The family has been figuring out how they'll fill that round-the-clock caretaker's role. Everyone works, and everyone needs to work, especially in the face of mounting medical bills. Right now, they're thinking two weeks for John, two for his wife and four for Yvonne.
To offset the mounting expenses, a series of benefits is being planned. Leading off, Yvette's Aunt Jane (Mrs. Phil Frentz) will head up a "Breath of Life" Benefit Spaghetti Dinner to be held at Roberts Memorial Free Methodist Church, Saturday from 4:30 until 7 p.m. Donations will be gratefully accepted.
The Little Valley United Methodist Church of Little Valley is also undertaking a donation-style benefit.

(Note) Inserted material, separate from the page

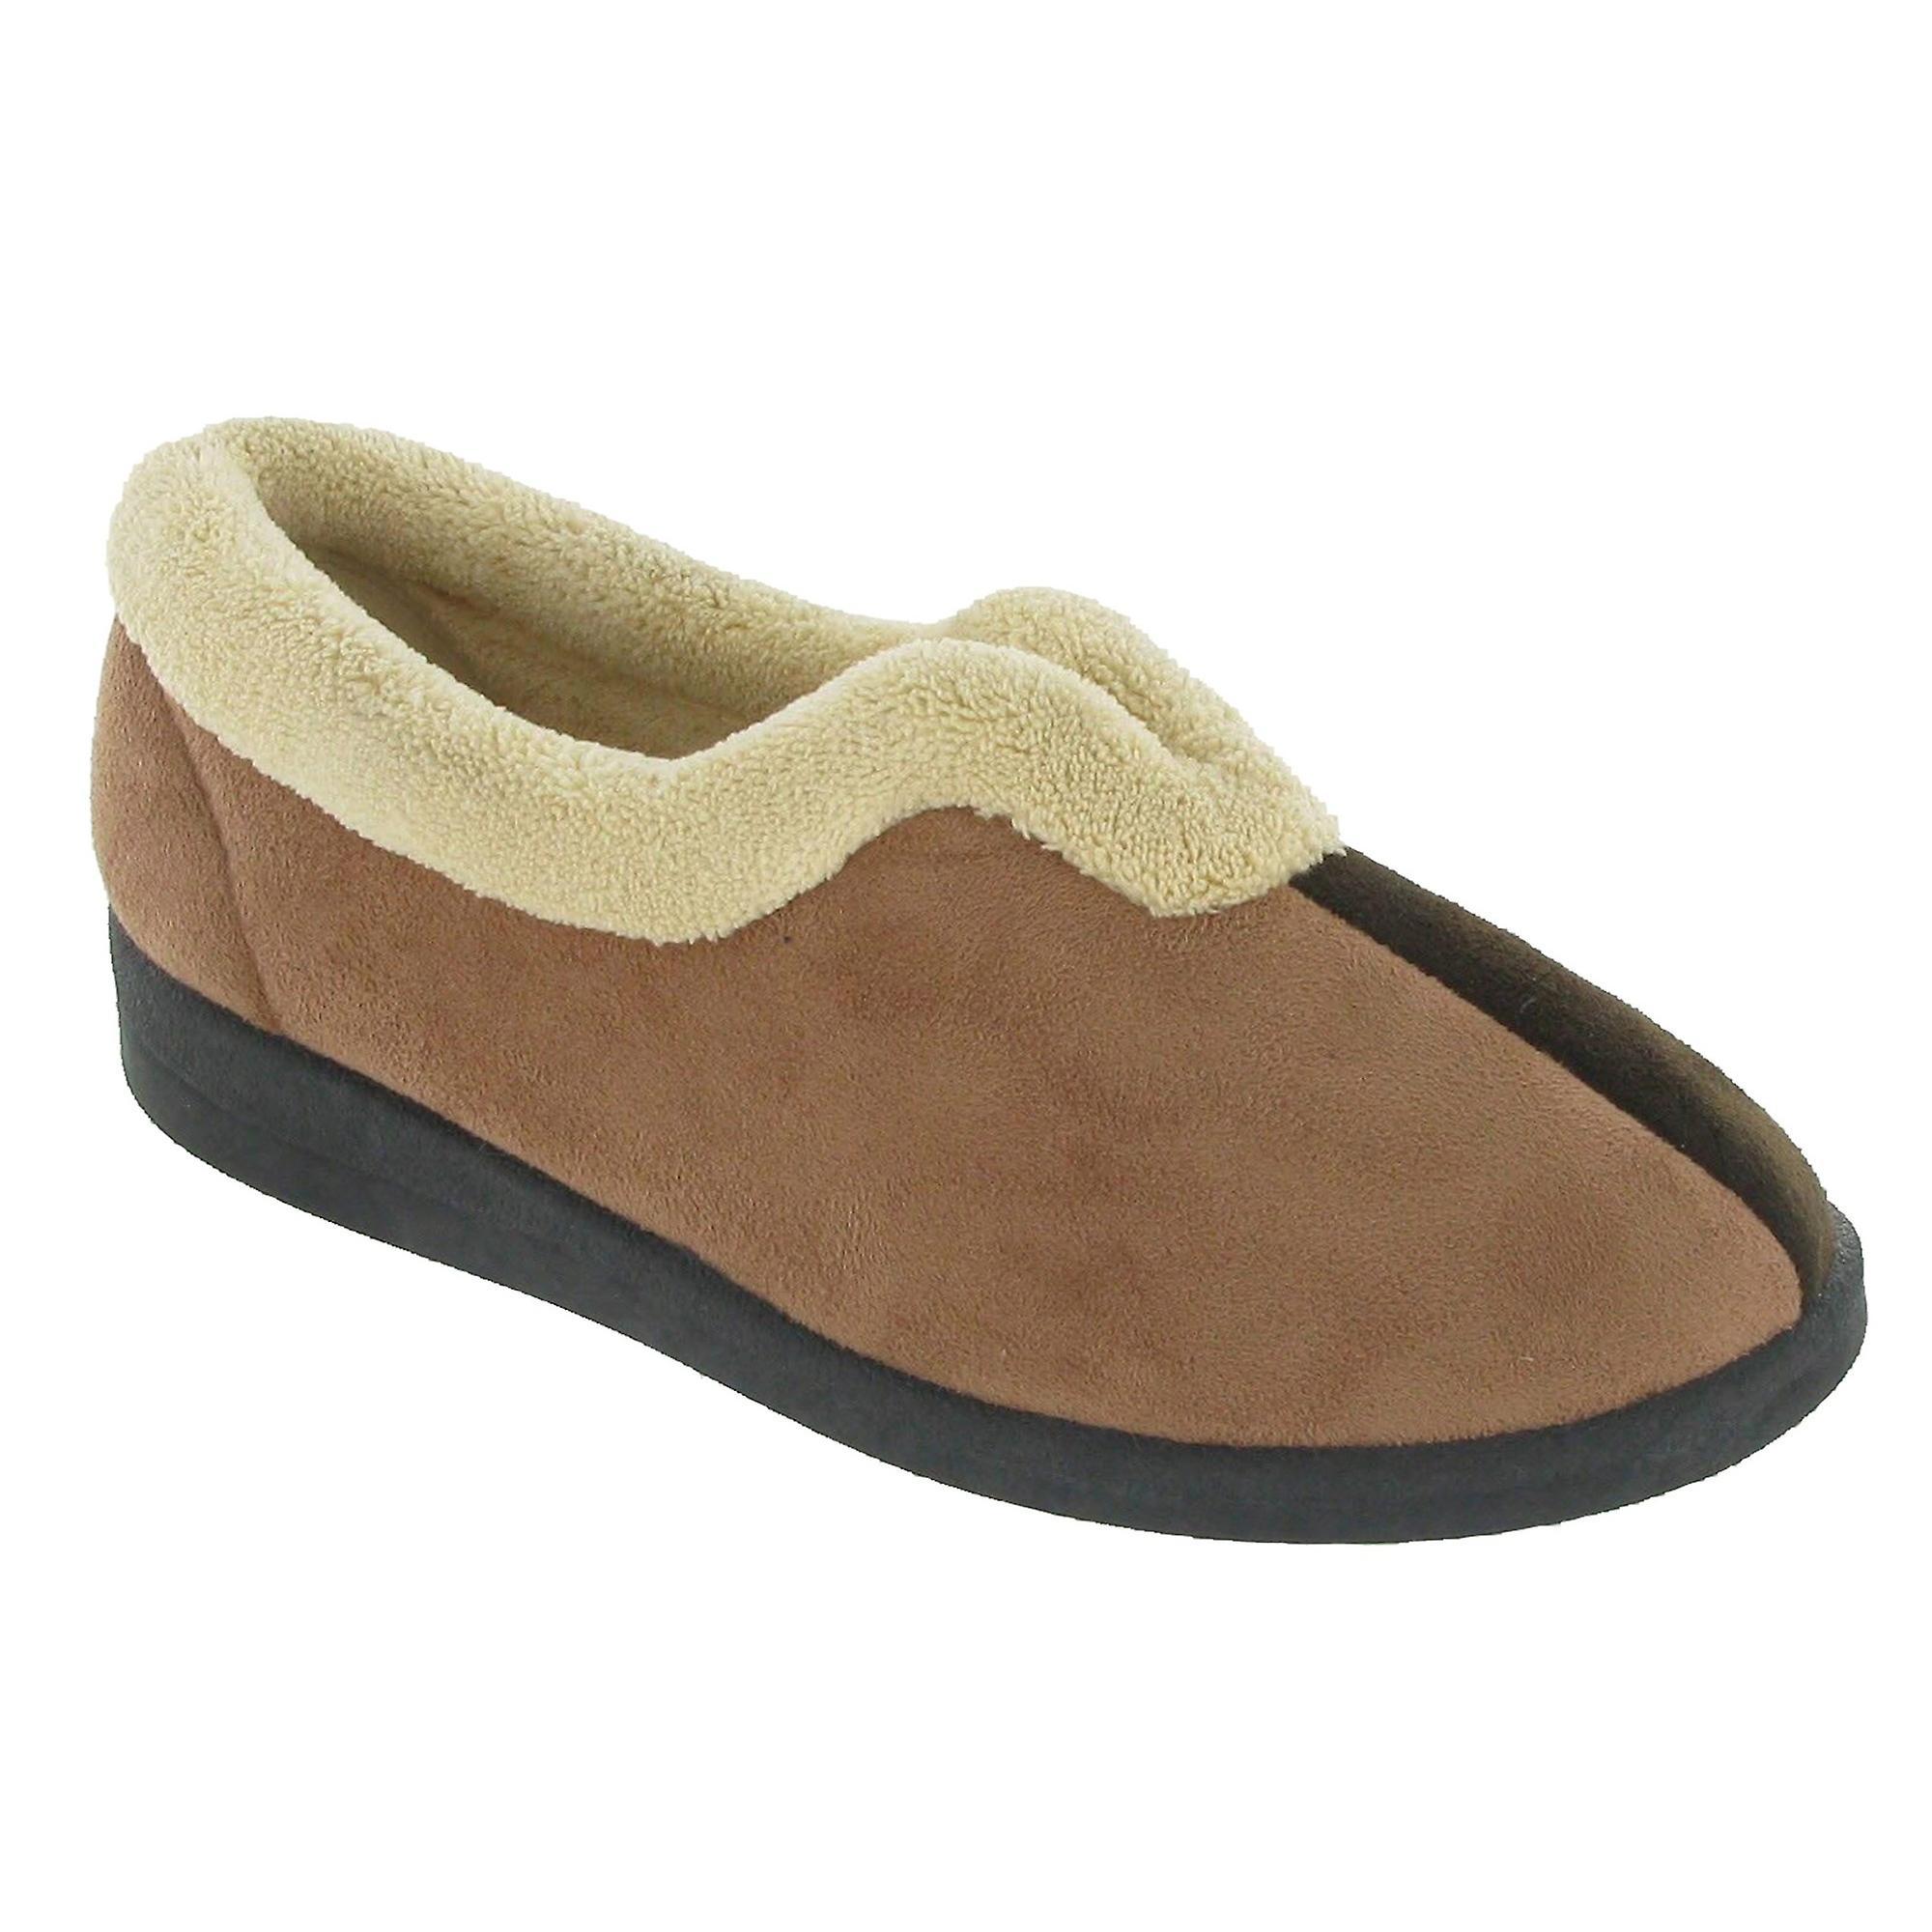 Mirak Jenny Ladies Slipper / Classic Womens Slippers

This one will feature soup, salad and roast beef on weck, and is scheduled for Saturday, Apr. 10 from 4:30 p.m. to 7 p.m.
Just before press time, Andy Barr, one of the organizers of a group new to Cattaraugus, called to say that ABATE (American Bikers Aim to Educate) will also stage a benefit for Yvette. Jeannette Pierce, who has taken on the responsibility of planning the event, said their group just heard about the need, and intends to move forward as quickly as possible. "We want to do something big," she said, adding that as soon as a time and place are set, they'll start publicizing it.
At this point, John and Yvonne, who live in New Albion, are exhausted, physically and financially. No wonder this remarkable outpouring of love so overwhelms them. "This should show the hospital that Yvette has people who care about her," said John.
It can only be hoped that the public will support these efforts to help Yvette win the fight of her life. Those who love her have taken it as far as they're able.